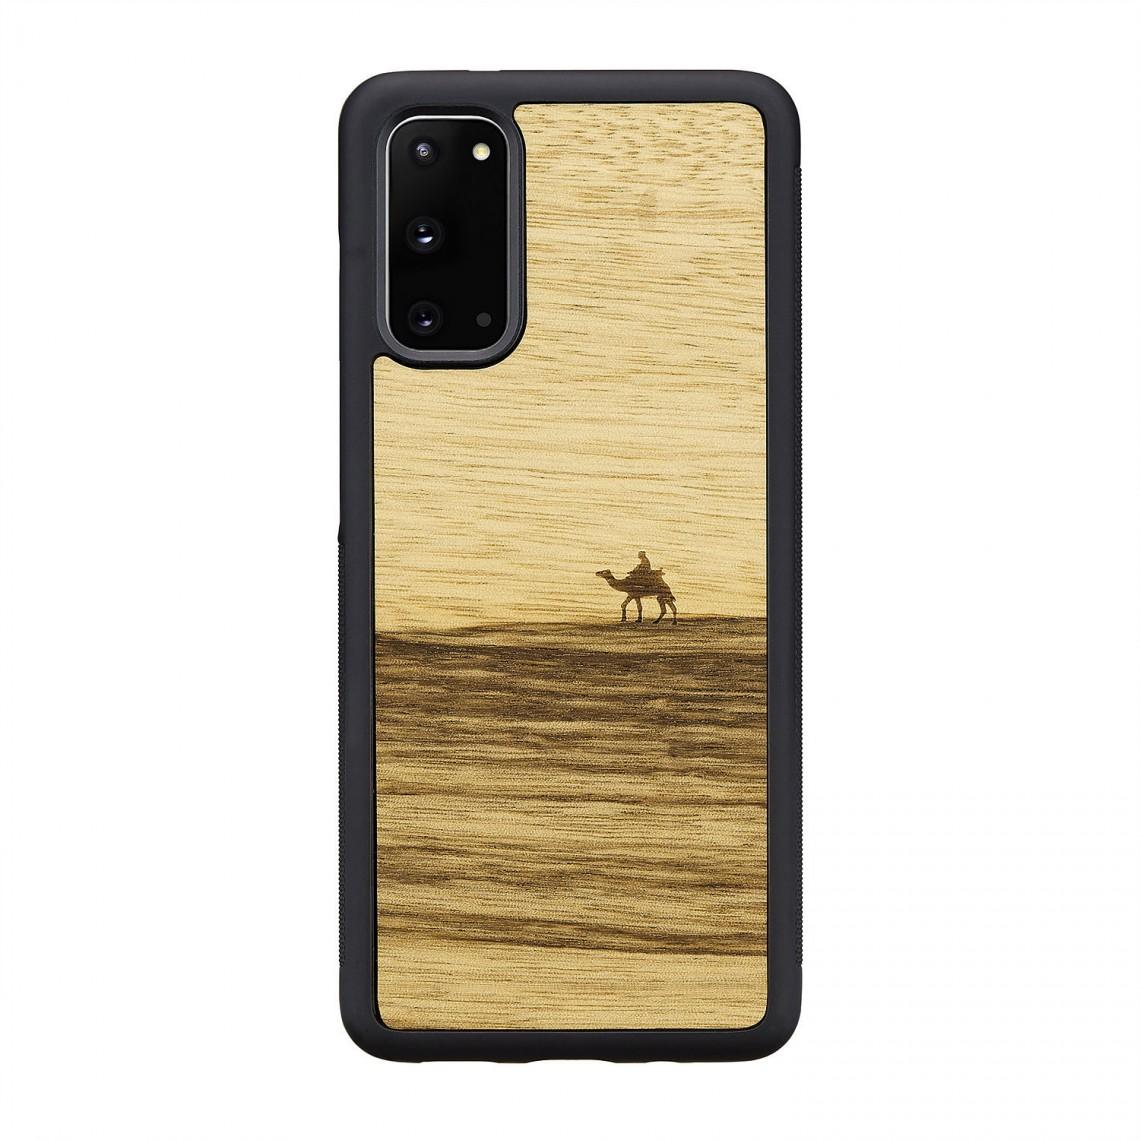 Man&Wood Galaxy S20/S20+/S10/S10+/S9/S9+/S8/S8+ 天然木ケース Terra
...
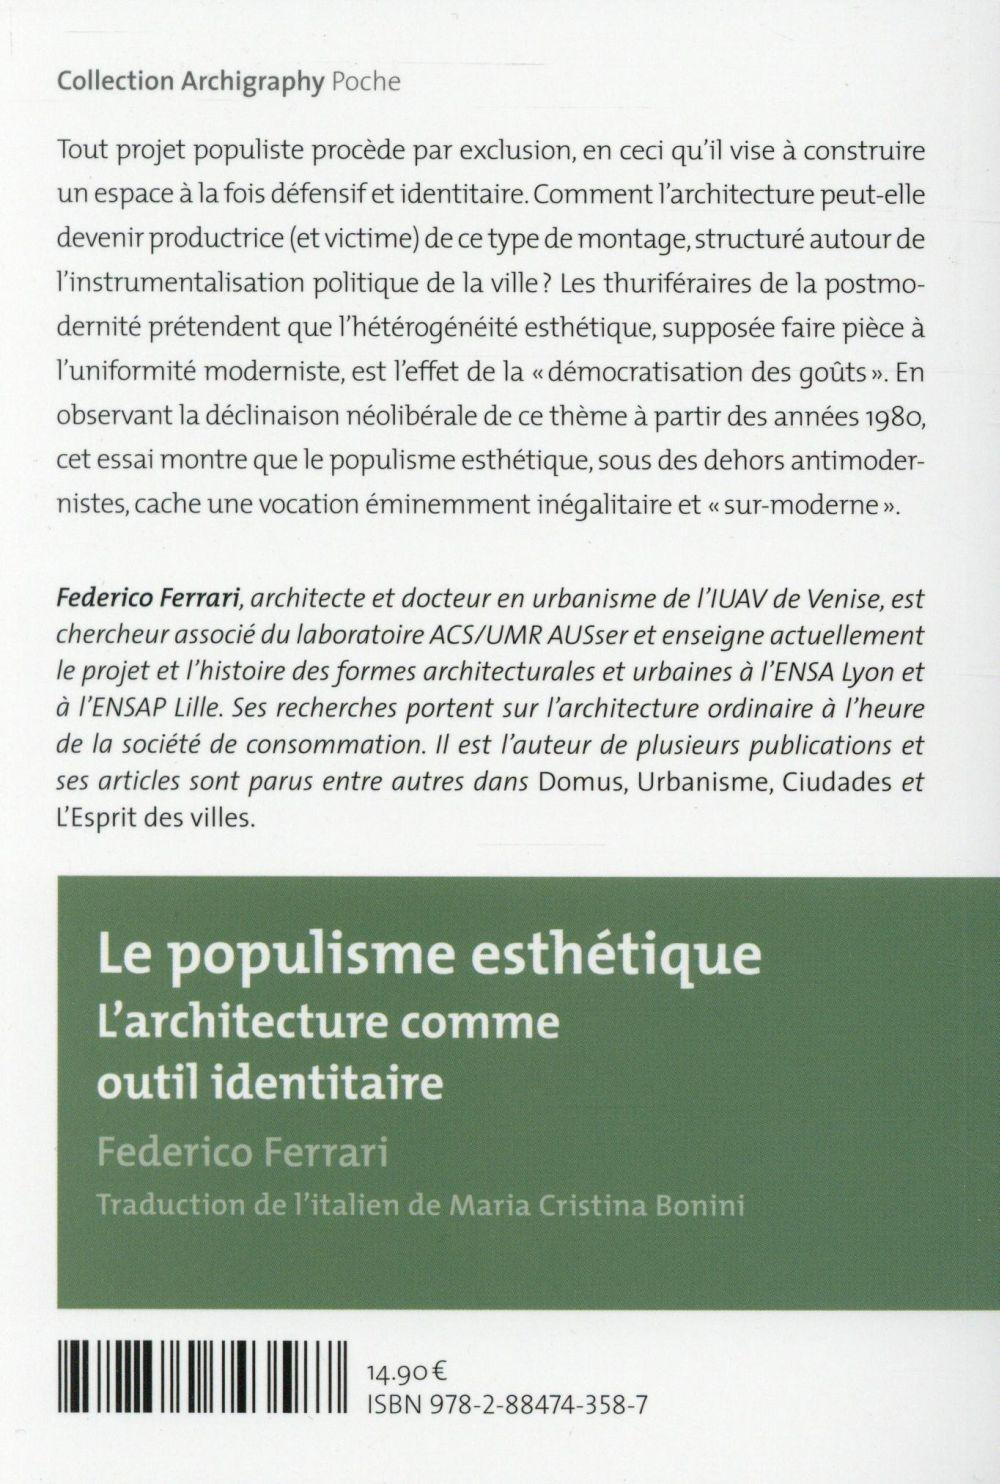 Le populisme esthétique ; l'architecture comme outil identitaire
--
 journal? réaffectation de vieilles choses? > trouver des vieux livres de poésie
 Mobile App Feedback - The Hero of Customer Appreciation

WHAT IS BEING ASKED:
Reproduce exactly the stretch of the material above that starts at the line with "journal? réaffectation de" and ends at the line with "Mobile App Feedback", both included, and nothing else.

RESPONSE TO THIS EXERCISE:
 journal? réaffectation de vieilles choses? > trouver des vieux livres de poésie
 Mobile App Feedback - The Hero of Customer Appreciation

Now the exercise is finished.